Copy the listing exactly; drop the pictures.

- [Data block]:
══════════════════════════════

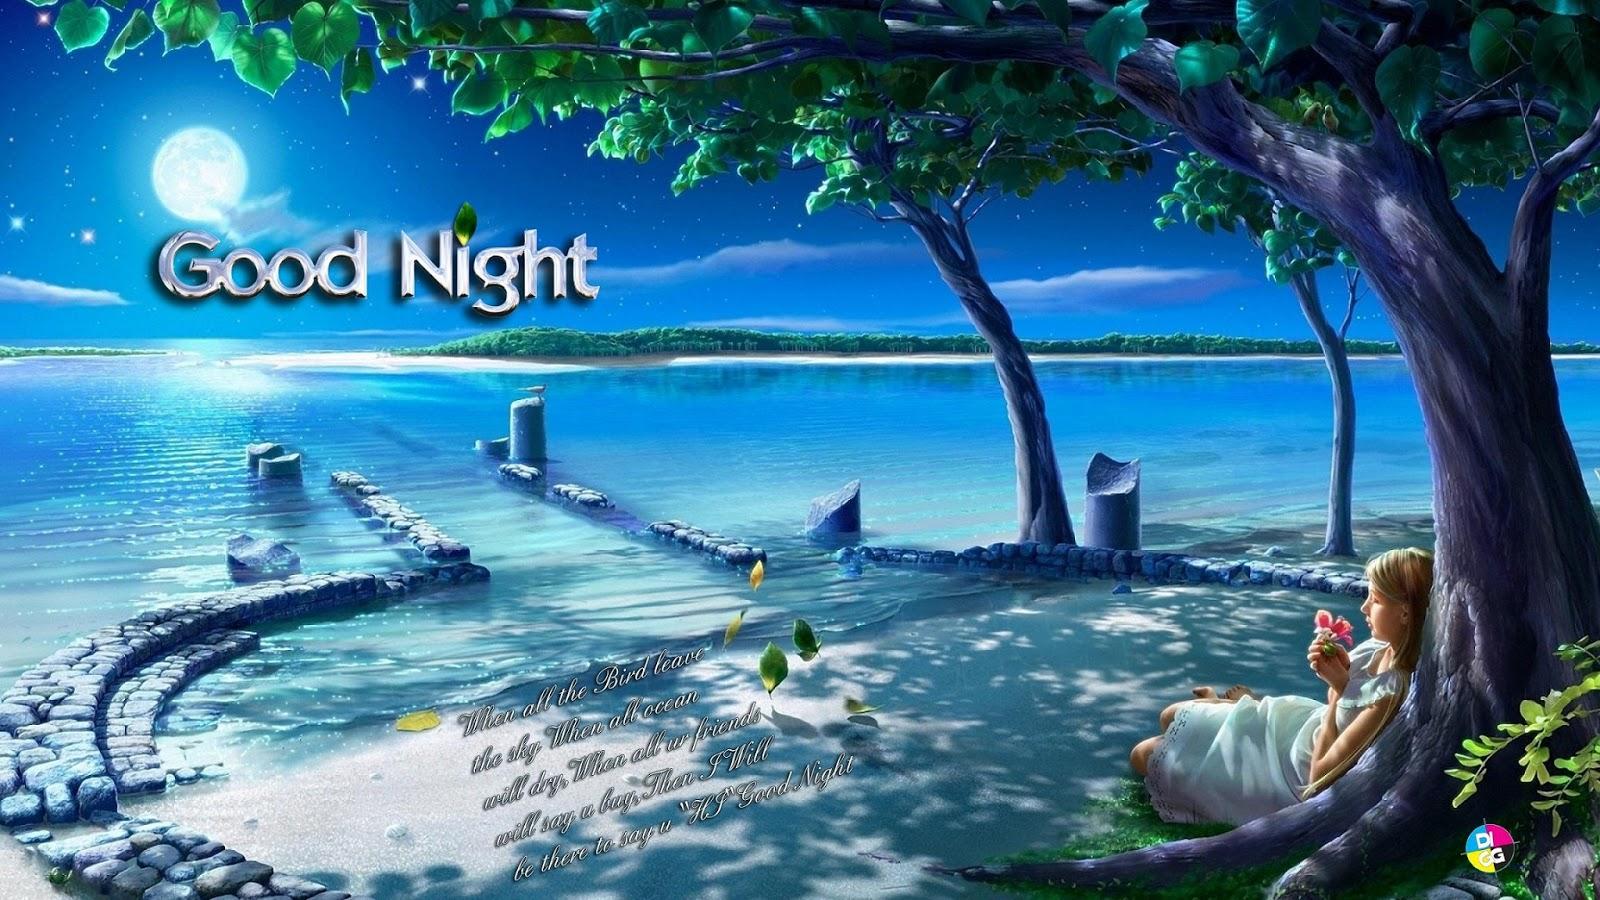 Good Night Pics Gud Nyt Wallpapers Wish Sms Jobspapacom | Auto Design ...
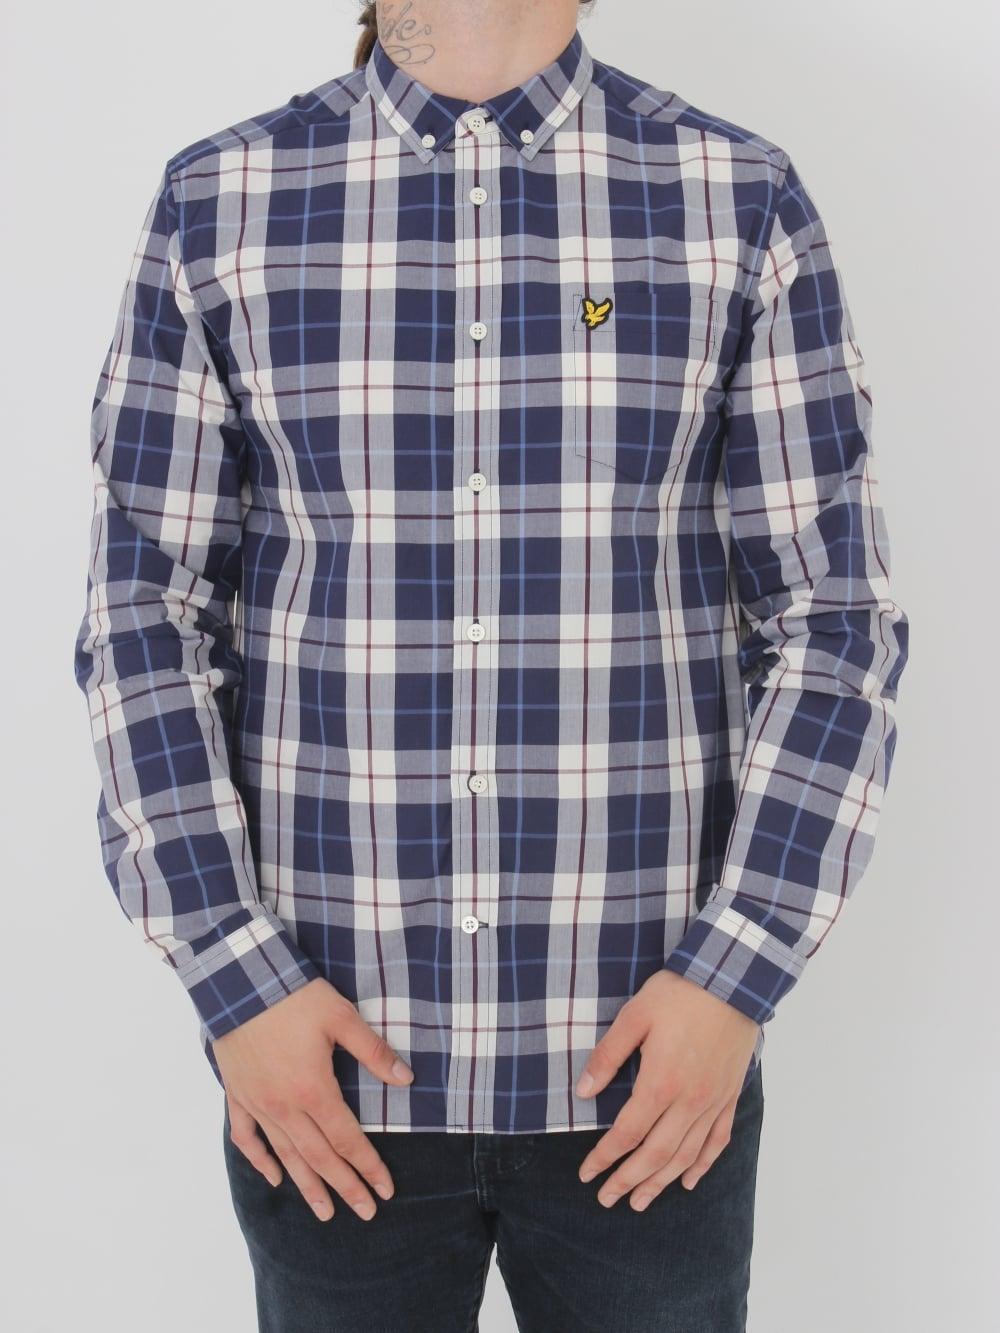 49b770c2632b Lyle   Scott Poplin Check Shirt in Off White - Northern Threads
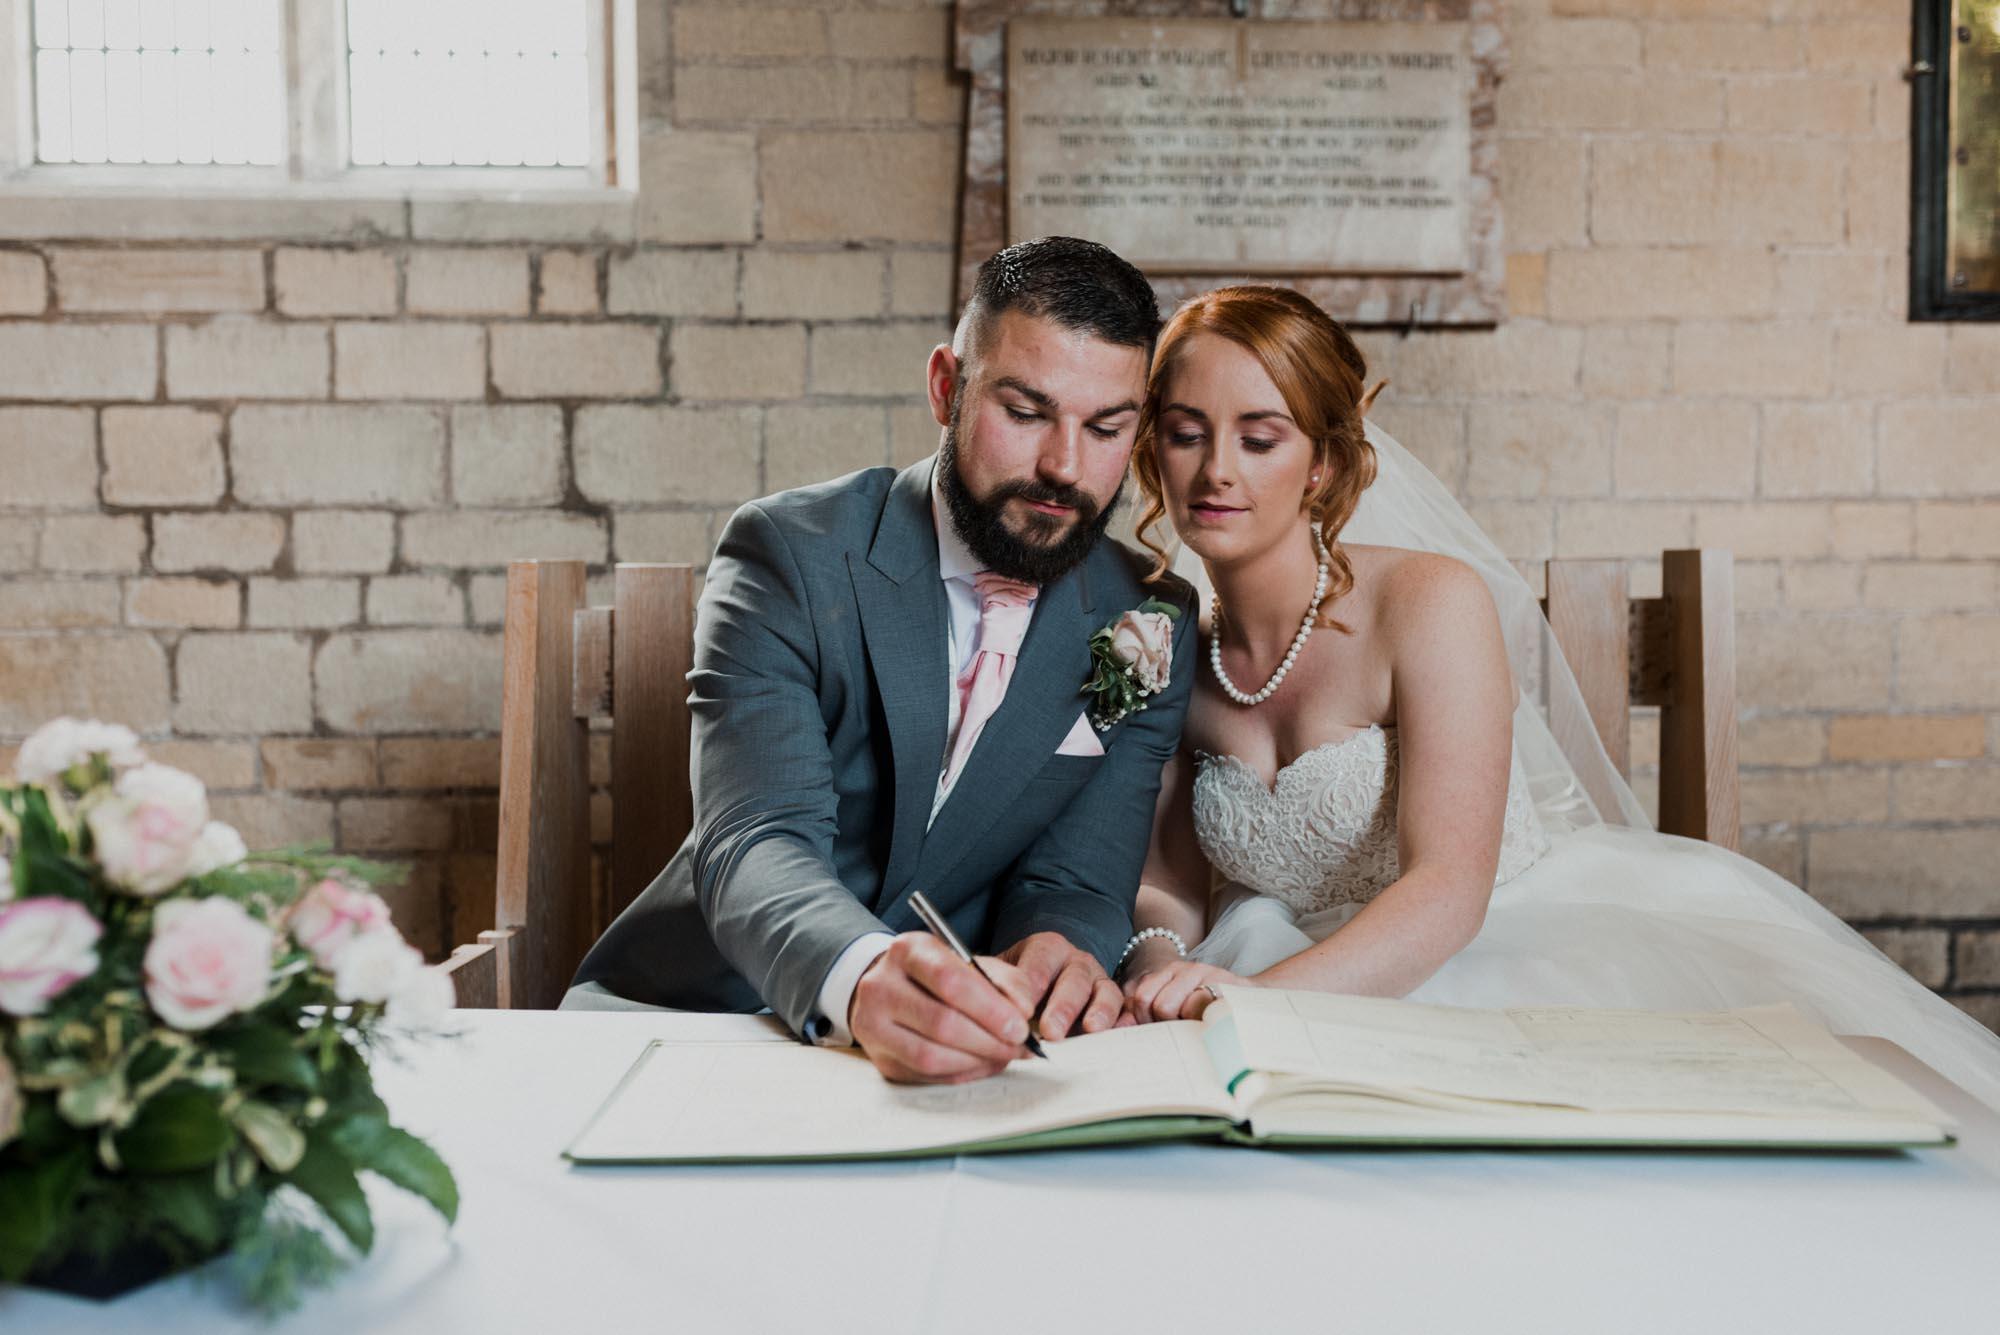 dinnington wedding photographer

══════════════════════════════

- [Written solution]:
 Good Night Pics Gud Nyt Wallpapers Wish Sms Jobspapacom | Auto Design ...
 49b770c2632b Lyle   Scott Poplin Check Shirt in Off White - Northern Threads
 dinnington wedding photographer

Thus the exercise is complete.